Crítica de No se aceptan devoluciones
Por muy universal que sea una temática, pongamos la paternidad, y por muy inagotables que parezcan sus posibilidades dramáticas, la originalidad y frescura siempre pide un plus de esfuerzo. Uno no puede apelar a esa condición de intemporalidad y a partir de ahí limitarse a refreír tópicos y esperar que la cosa funcione, por lo menos creativamente hablando. Así que ante los resultados que ofrece un producto como No se aceptan devoluciones las posibilidades son limitadas: o bien el cómico y ahora director Eugenio Derbez es un alma cándida que cree estar contando una historia arrebatadoramente encantadora sin darse cuenta de que no aporta absolutamente nada nuevo (y bueno) a lo ya conocido o bien es un tipo condenadamente listo. Me inclino por esta segunda, a tenor de sus resultados en taquilla en México, su país de origen y, atención, también en Estados Unidos, donde pasa por haberse convertido en la película latinoamericana más taquillera de todos los tiempos. Así que sea como sea el éxito es patente, el tipo ha tocado la fibra y ha engatusado a millones de espectadores con su historia, uno de esos relatos que pretenden conjugar risas y llantos para enriquecer el alma de sus espectadores. En una época en la que hemos convertido Internet en un tablón de anuncios sentimentaloides de clicado rápido, en un momento en que hemos vendido a los muros de Facebook nuestro espíritu crítico y nuestra capacidad reflexiva en favor de un puñado de historias «inspiracionales» y de autosuperación tocadas por la moralidad más moña. En un tiempo en que Reina por un día y su pornografía sentimental basada en la competición de desgracias ha vuelto en forma de vídeos de consumo rápido que piden tu like y que compartas a toda costa, en este contexto no me extraña nada el éxito de la película de Derbez.

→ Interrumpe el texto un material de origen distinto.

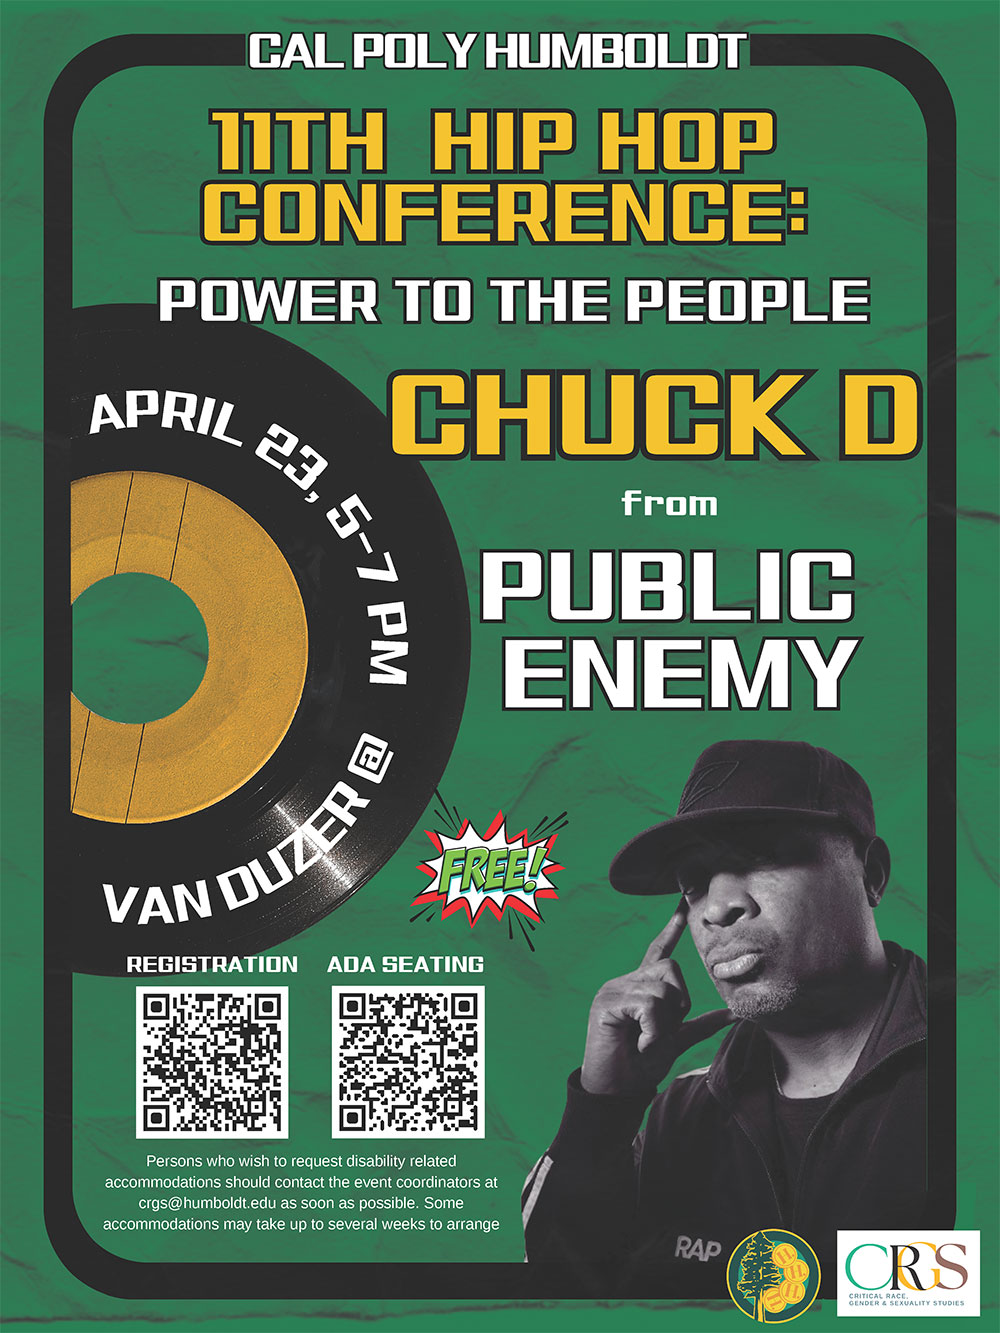 Poster reads: 11th Hip Hop Conference: Power to the People. Chuck D from Public Enemy. April 23, 5-7 p.m. at the Van Duzer Theatre. Free. Persons who wish to request disability related accommodations should  contact the event coordinators at crgs@humboldt.edu as soon as possible. Some accommodations take up to several weeks to arrange. 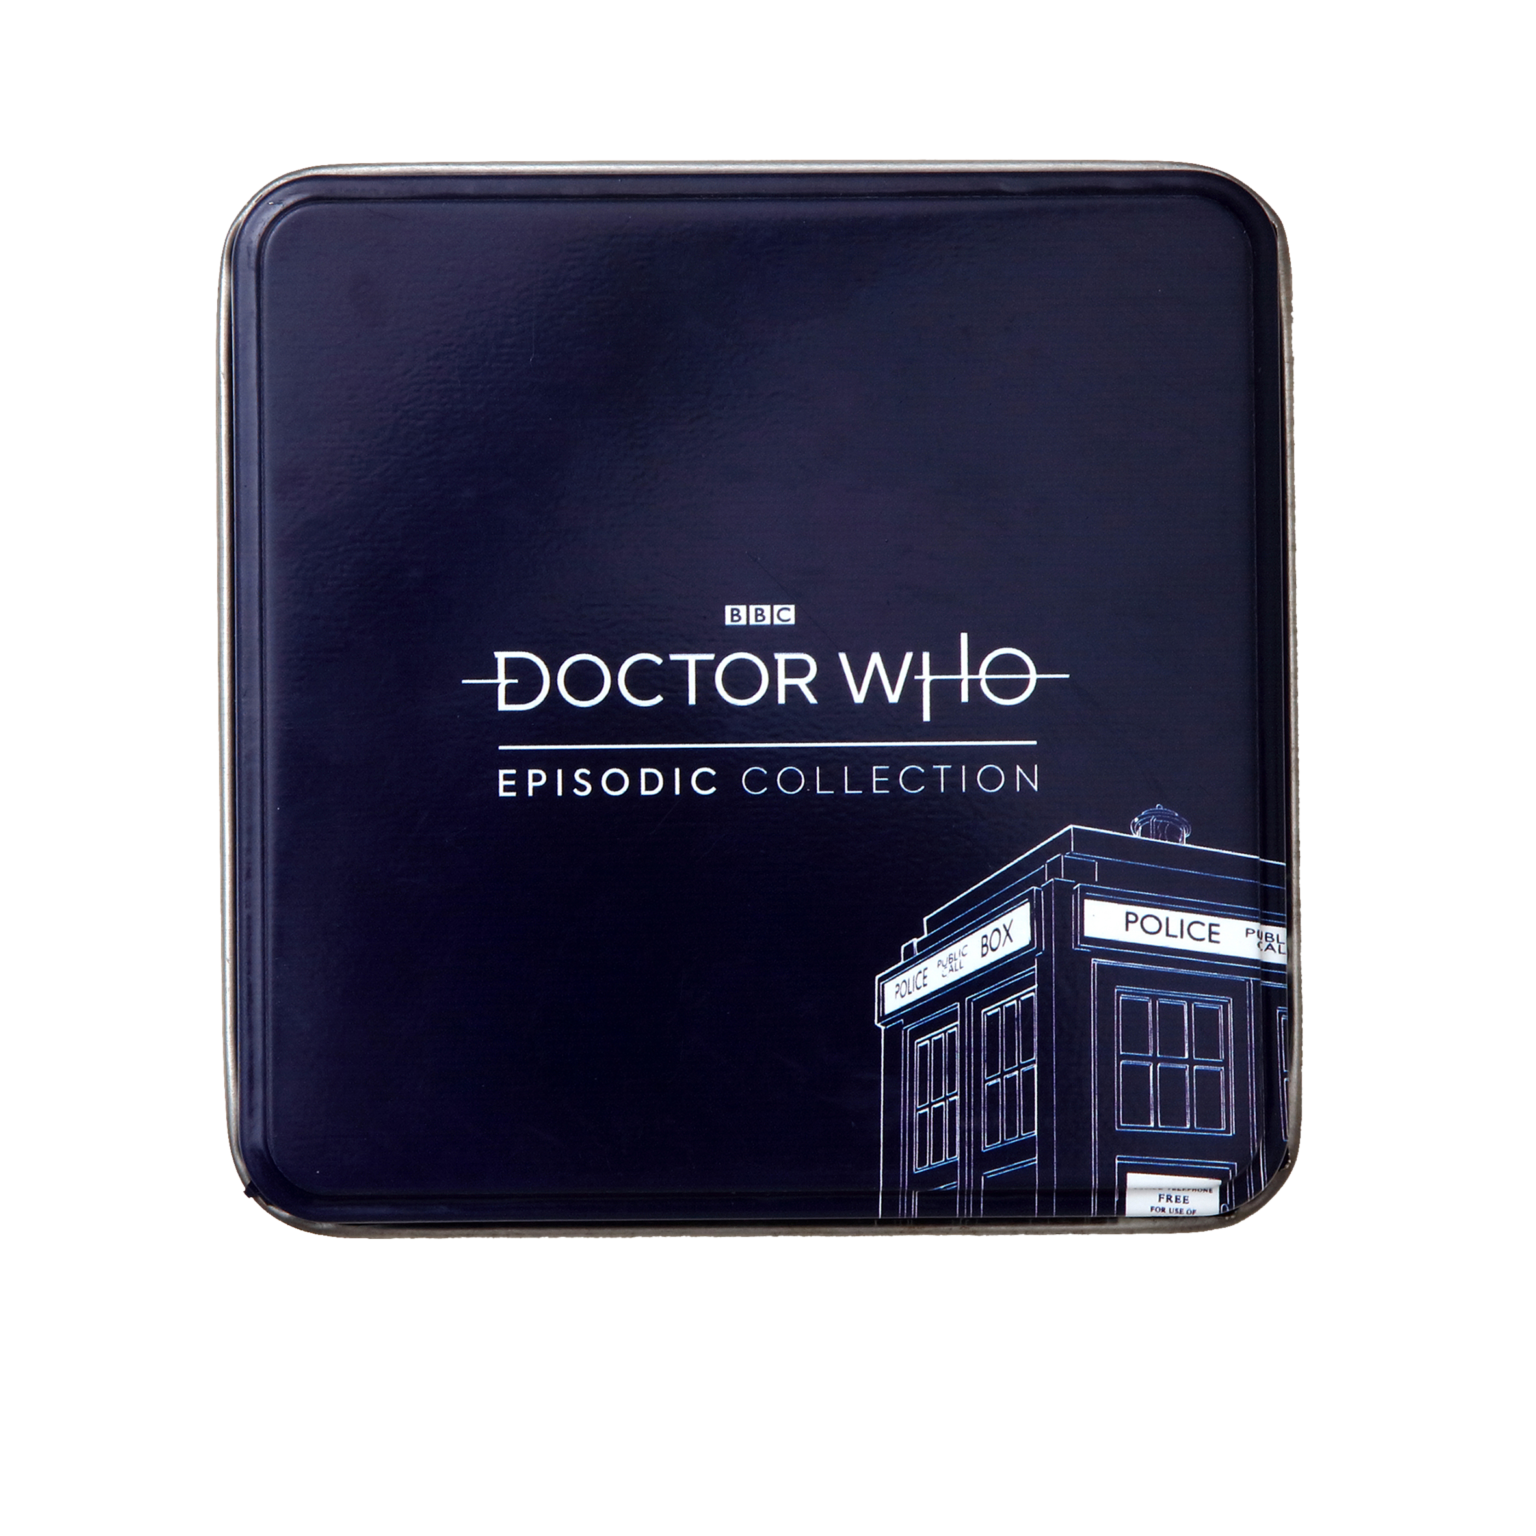 HERO COLLECTOR LAUNCHES BRAND NEW DOCTOR WHO ADVENT CALENDAR First

¿Me alegro por él? Desde luego, por qué no. El tipo es uno de los cómicos más queridos de su país y mucha gente de por allá parece adorarlo y reírle todas las gracias. Pero ¿se lo merece? En términos de ética e integridad artística, desde luego rotundamente no. Y es así básicamente porque trata a sus espectadores (y por lo visto acierta) con un desprecio absoluto. El del narrador que parece convencido de que su público necesita consumirlo todo previamente mascado y que además está incapacitado para cualquier tipo de análisis crítico. Esta historia de un tipo despendolado y peterpanesco al que de repente le cae el cuidado de una hija con la que emprende la búsqueda de la madre no es sólo una acumulación de clichés y lugares comunes, es también una demagógica bomba de lágrimas de cocodrilo y risas de parvulario. Una película que no sabe prescindir de subrayados emocionales, que necesita teledirigir las emociones de sus espectadores y que, a cambio, les recompensa con pura y simple complacencia y condescendencia. Un derroche de momentos prediseñados en un laboratorio que, sin embargo, ignora cualquier distanciamiento irónico y cualquier tipo de desmitificación autoconsciente. Esto es, en otras palabras, una irrelevante tontería pagada de si misma e hinchada de su propia hipotética (inexistente) trascendencia emocional.
Porque efectivamente busca esa trascendencia, vaya si la busca. Derbez se une a esa tradición de payasos que en cierto momento de su vida deciden aparcar su propia ligereza para abrazar una especie de seriedad cómica, para hablar de temas más graves, sin aparentemente caer en la cuenta de que la comedia ya es, en si misma, un tema grave. Y en esa tesitura el de No se aceptan devoluciones parece ser el testimonio de un fracaso inconsciente. El de un autor que intenta sublimar El chico de Chaplin para convertirse en una suerte de sucesor de Cantinflas y facturar algo como una Alicia en las ciudades imaginada por Roberto Benigni. O por el Benigni de La vida es bella, en palabras del propio Derbez una de sus máximas inspiraciones junto con Cinema paradiso. Sin embargo todo lo que saca el director de semejante operación de autolavado espiritual es convertirse en un émulo desvaído e inofensivo del Adam Sandler -a quien también parece adorar- de Un papá genial. En una versión un tanto más miserable de Tres solteros y un biberón o Un chico grande. En un showman -interpretativamente tullido para la comedia tanto como para el drama- más preocupado por hacer funcionar a toda costa los resortes emotivos de su película que por cuidar los elementos más detallados: no hay mimo en los posibles matices, sólo hay una visión borrosamente maximalista de la comedia sentimental, en todo momento homologable al modelo norteamericano.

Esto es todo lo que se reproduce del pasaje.